# First time in Rally!



## peeps (Sep 12, 2007)

Today was Dancer's first time in Rally (mine too) and I was unsure what to expect....well....We were second in class with a 99 and the first place was a 99 as well but slightly faster time! It was alot of fun and I can't wait until tomorrow to go again


----------



## Augie's Mom (Sep 28, 2007)

Congratulations, that is a fabulous score! Good Luck tomorrow.


----------



## 3SweetGoldens (Feb 28, 2007)

Congratulations!! That score is AWESOME!! Best of luck tomorrow!


----------



## AmberSunrise (Apr 1, 2009)

Woo-hoo!
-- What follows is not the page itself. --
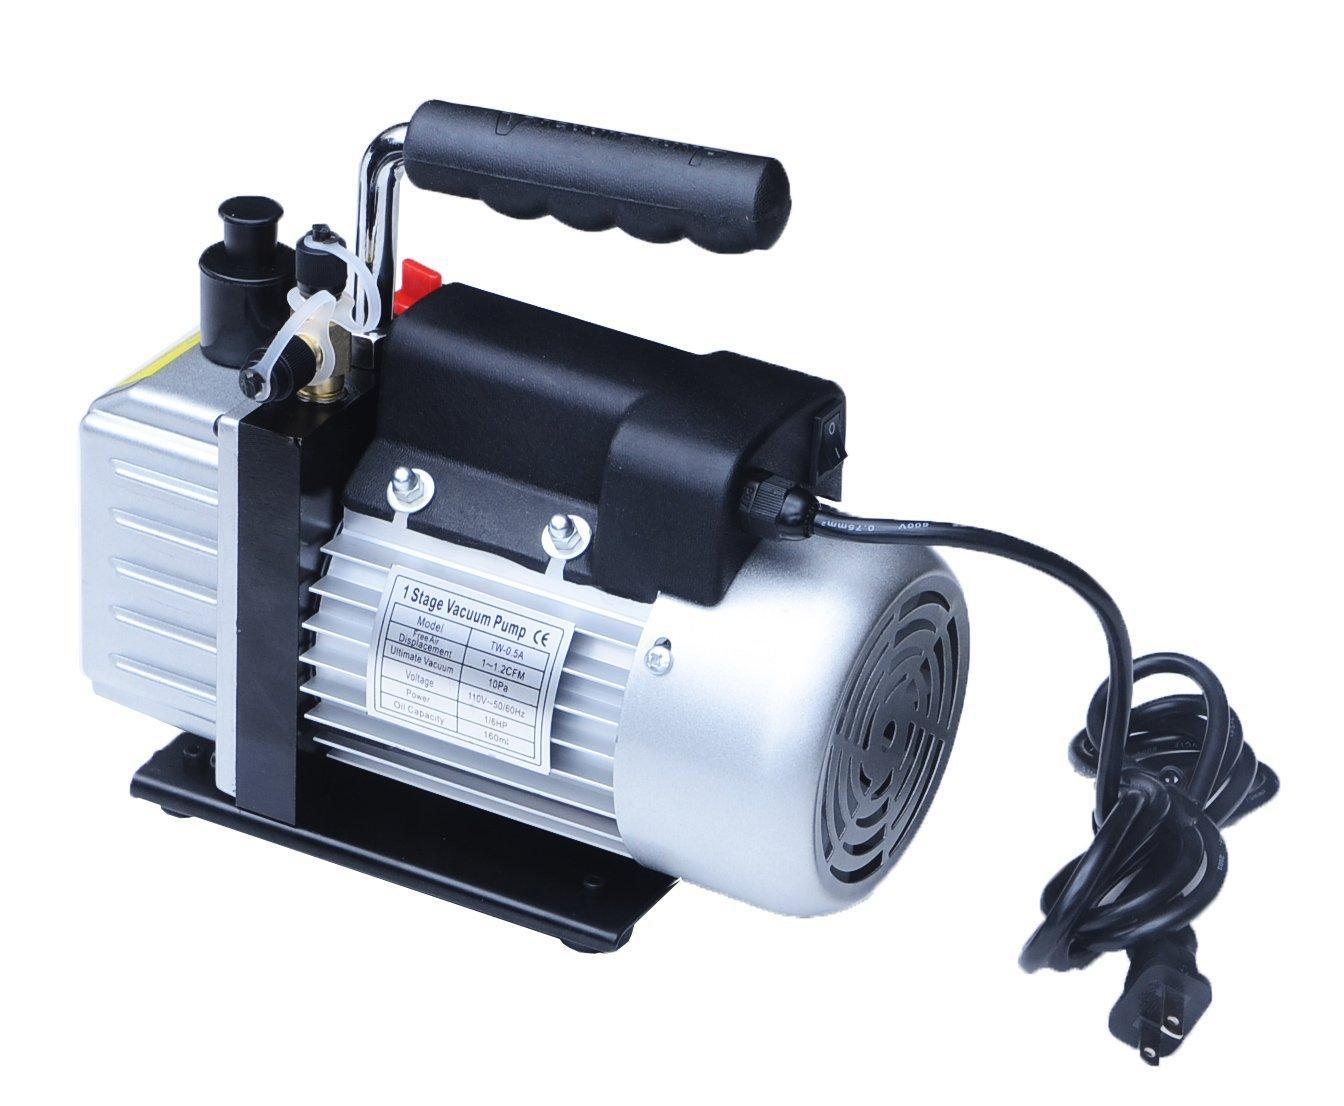 真空ポンプ 電動真空ポンプ 小型 シングルステージ エアパージ 家庭用エアコン カーエアコン ルームエアコン 窓エアコン メンテに大活躍 真空 ポンプ 電動 車 ガス 充填 修理 送料無料 A68N05

Congratulations


----------



## hotel4dogs (Sep 29, 2008)

great job!!! keep it up!


----------



## GoldenSail (Dec 30, 2008)

Awesome score!


----------



## grcharlie (Nov 10, 2007)

That is wonderful that you both enjoyed it. I have been thinking of Rally. Right now I got Andy in Beg Agility class. Today was the second class. I take him to the park about 1/2 early, so he can focus more. It was 58 degrees out when I left the house and by the time the class was over it was 80. I was sweating! I had a great time today.....today they added the tunnel and hoops......Im so proud of my boy he did so good...I had a hard time keeping up and running....LOL. He shot though it like nothing. Walking is hard enough but running for an hour.....have not done in years......LOL. Best exercise ever.....LOL.

Des


----------



## peeps (Sep 12, 2007)

YIPPEEEE New Rally Novice Dancer! she completed the final two legs of her title today! Also placed third in her class!


----------



## mikeynote (Jun 30, 2009)

Cograts!! Way to go!


----------



## New Golden Mom (Dec 17, 2008)

Congratulations..that's awesome!


----------



## Ljilly28 (Jan 22, 2008)

Awesome job with Miss Dancer, Niome. Rally O is so much fun.


----------



## peeps (Sep 12, 2007)

Thanks all  We went ahead and tried our hand at Rally Advanced today...I wasn't expecting much as Dancer hasn't ever been over any jumps etc but we got our first RA leg today .....WITH A HIGH IN CLASS!!! What a great dog Dancer is!!!


----------